Japanese judo master

Masutaro Otani (大谷 増太郎, Otani Masutaro, 25 March 1896 - 23 January 1977), was an 8th-Dan Japanese master of judo and a pioneer of judo in the United Kingdom and a leading student of Yukio Tani. He was best known for his speed and agility and was reputed to be one of the fastest-throwing exponents ever seen. He is most notable as the president of the British Judo Council alongside Kenshiro Abbe.

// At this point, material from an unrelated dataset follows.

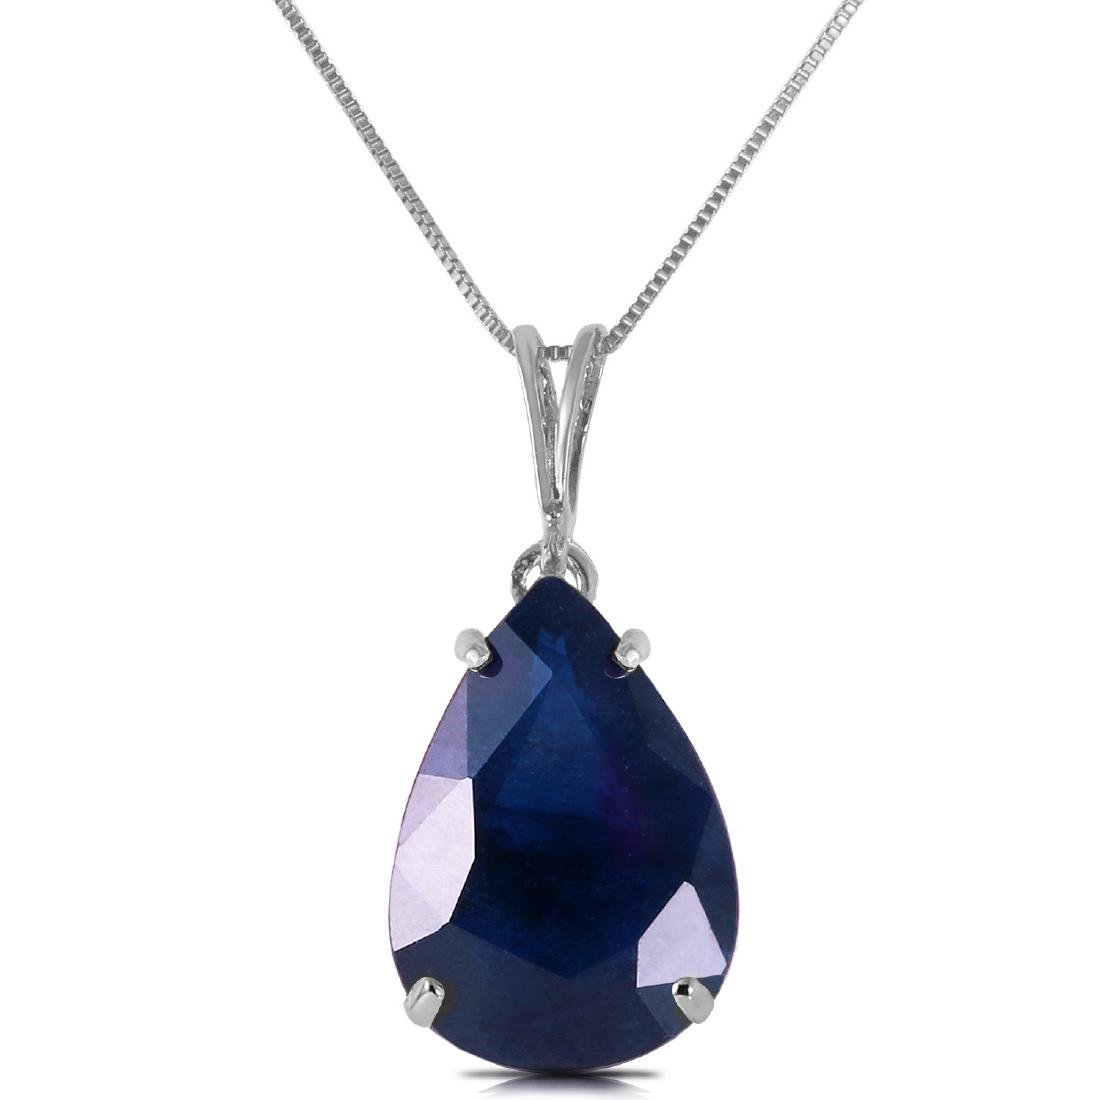 Genuine 4.65 ctw Sapphire Necklace Jewelry 14KT White
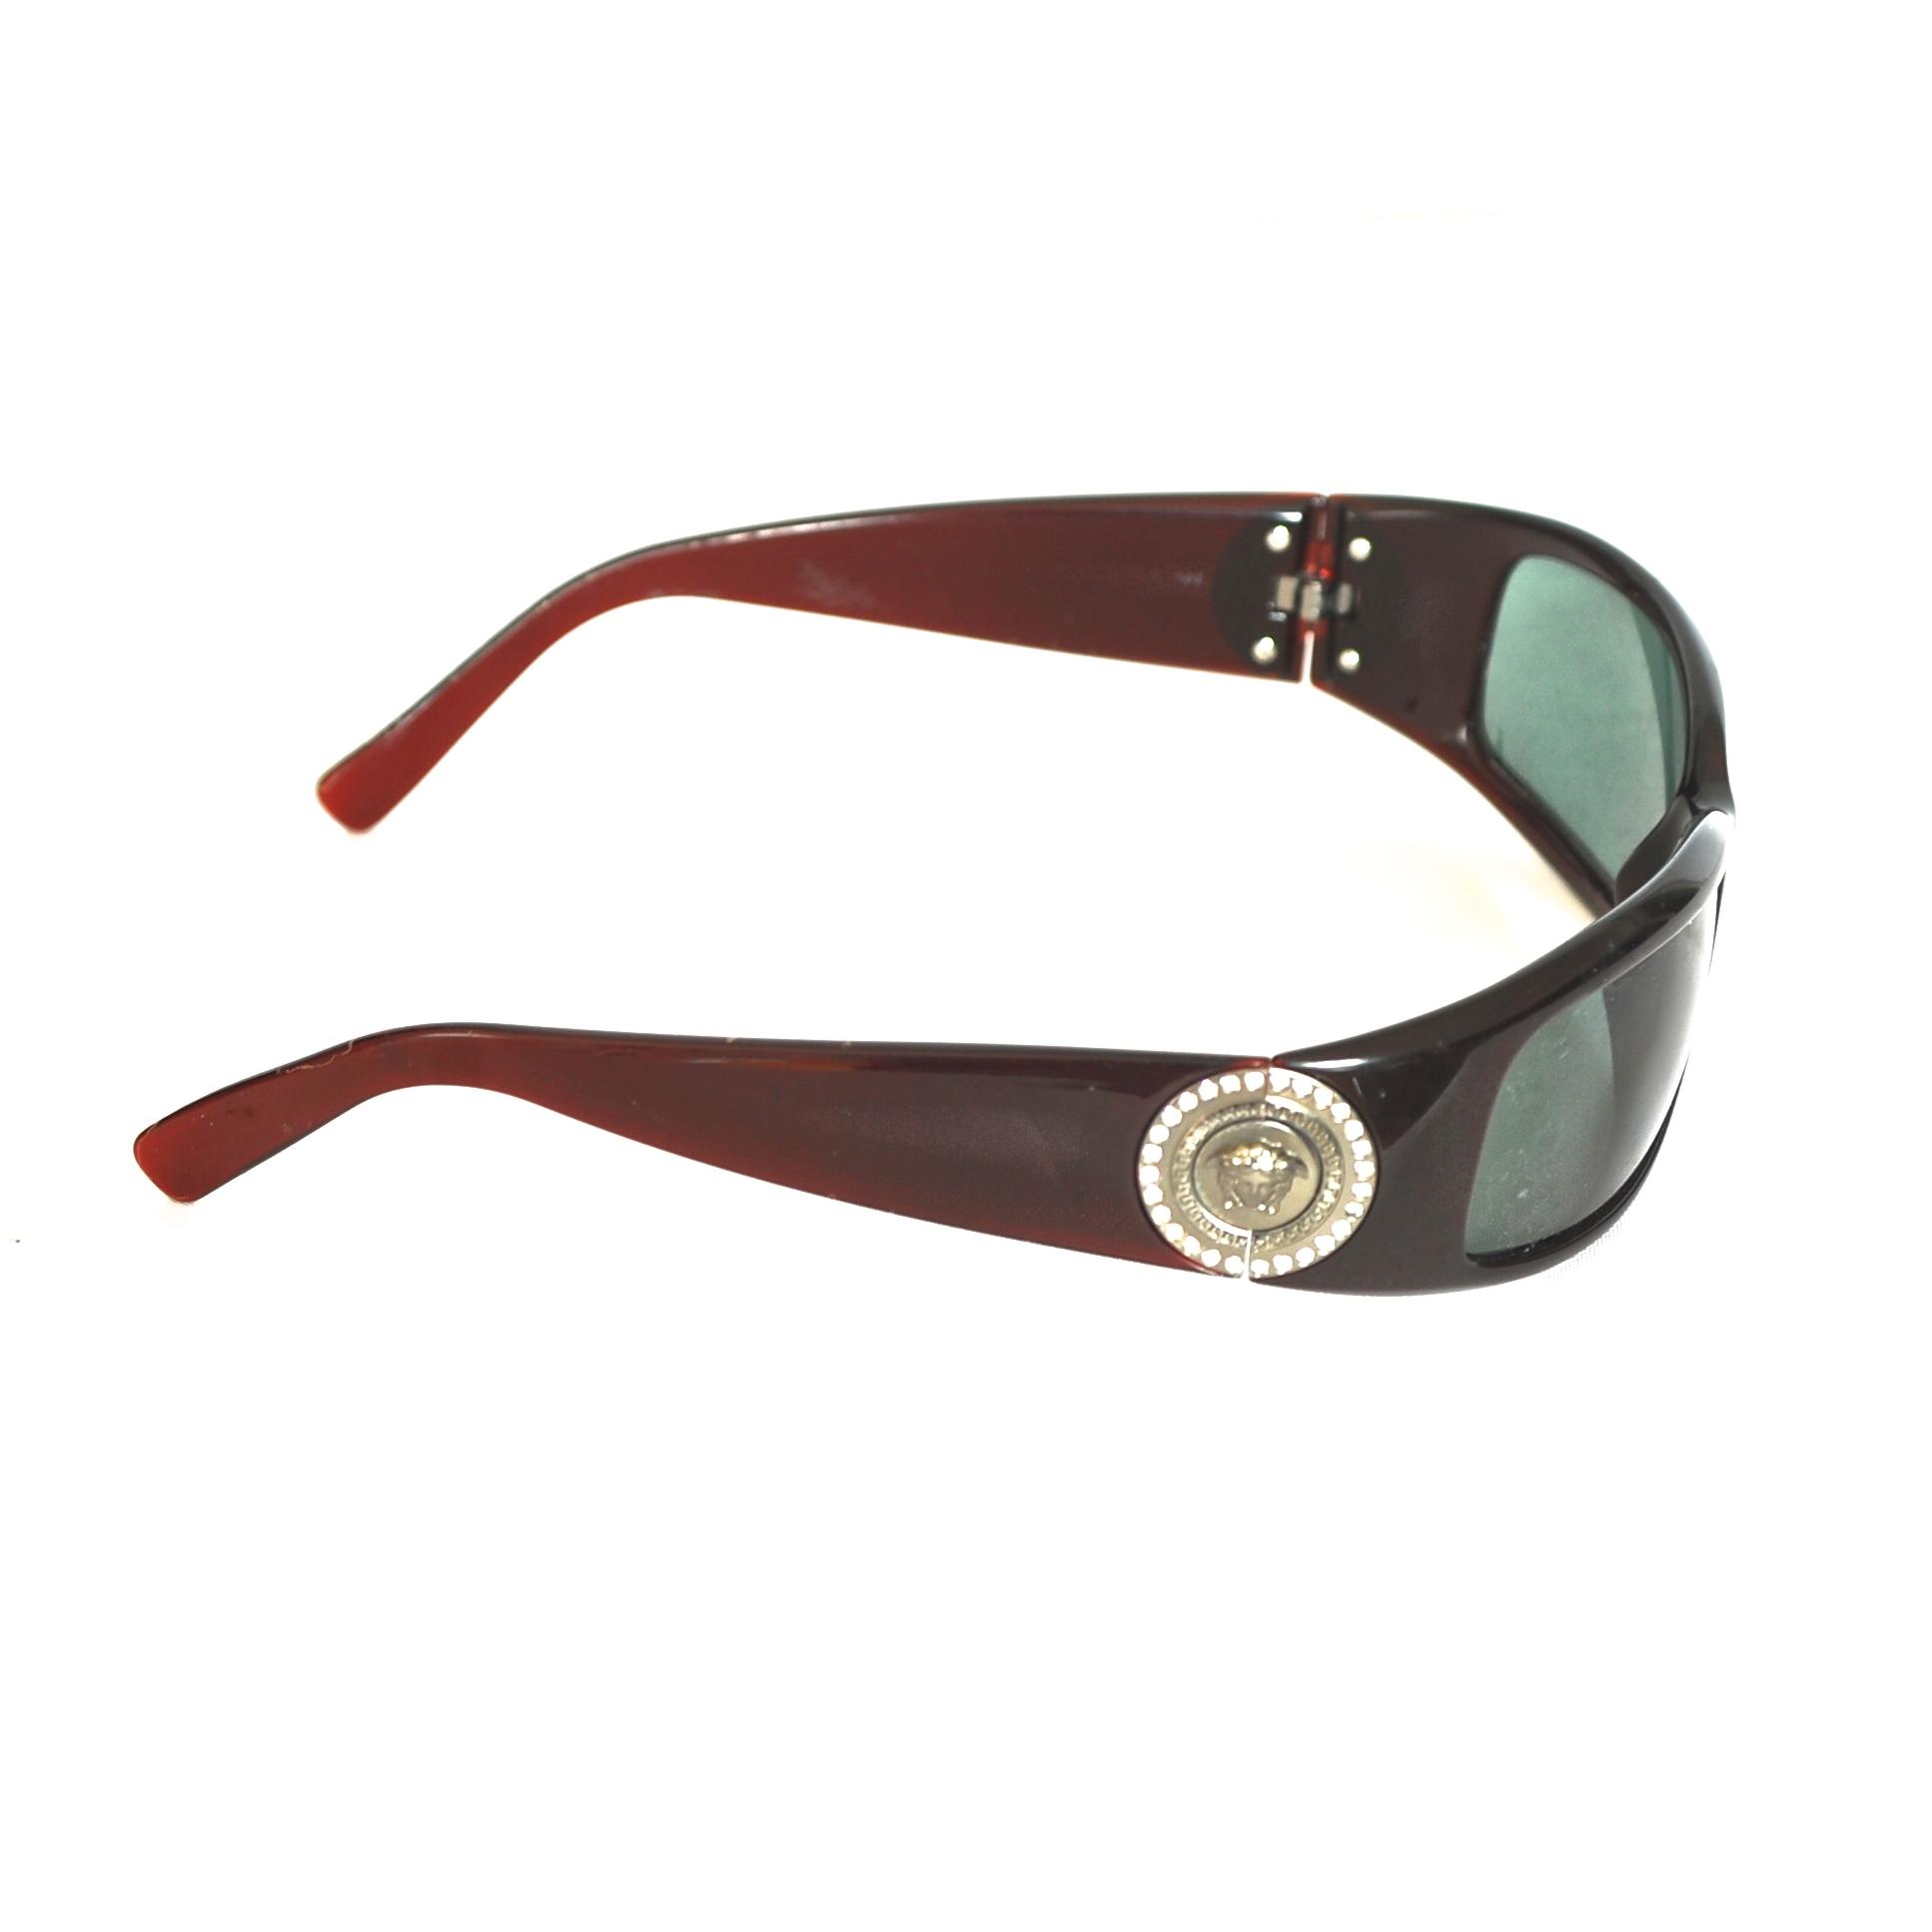 bf940792e337 Versace 1990 s Wraparound Sunglasses With Flashy Round Logo On Arms – Italy

He held the rank of 8th dan in judo and is the father of Robin Otani, Tomio Otani and two other sons. He died on 23 January 1977, at the age of 80.

== Biography ==
Otani was a pioneer of judo in Britain. He began judo young, practising judo and kendo at school. He then left Japan as a teenager and moved to Colombo, Sri Lanka, where he trained under Seizo Usui for two years. He arrived in the United Kingdom in 1919 in Liverpool before moving to London, where he joined the Budokwai. At the Budokwai he trained mostly under Yukio Tani, who was the chief instructor, but had also trained under Hikoichi Aida. Otani was soon sent out to Oxford and Cambridge universities where he taught judo.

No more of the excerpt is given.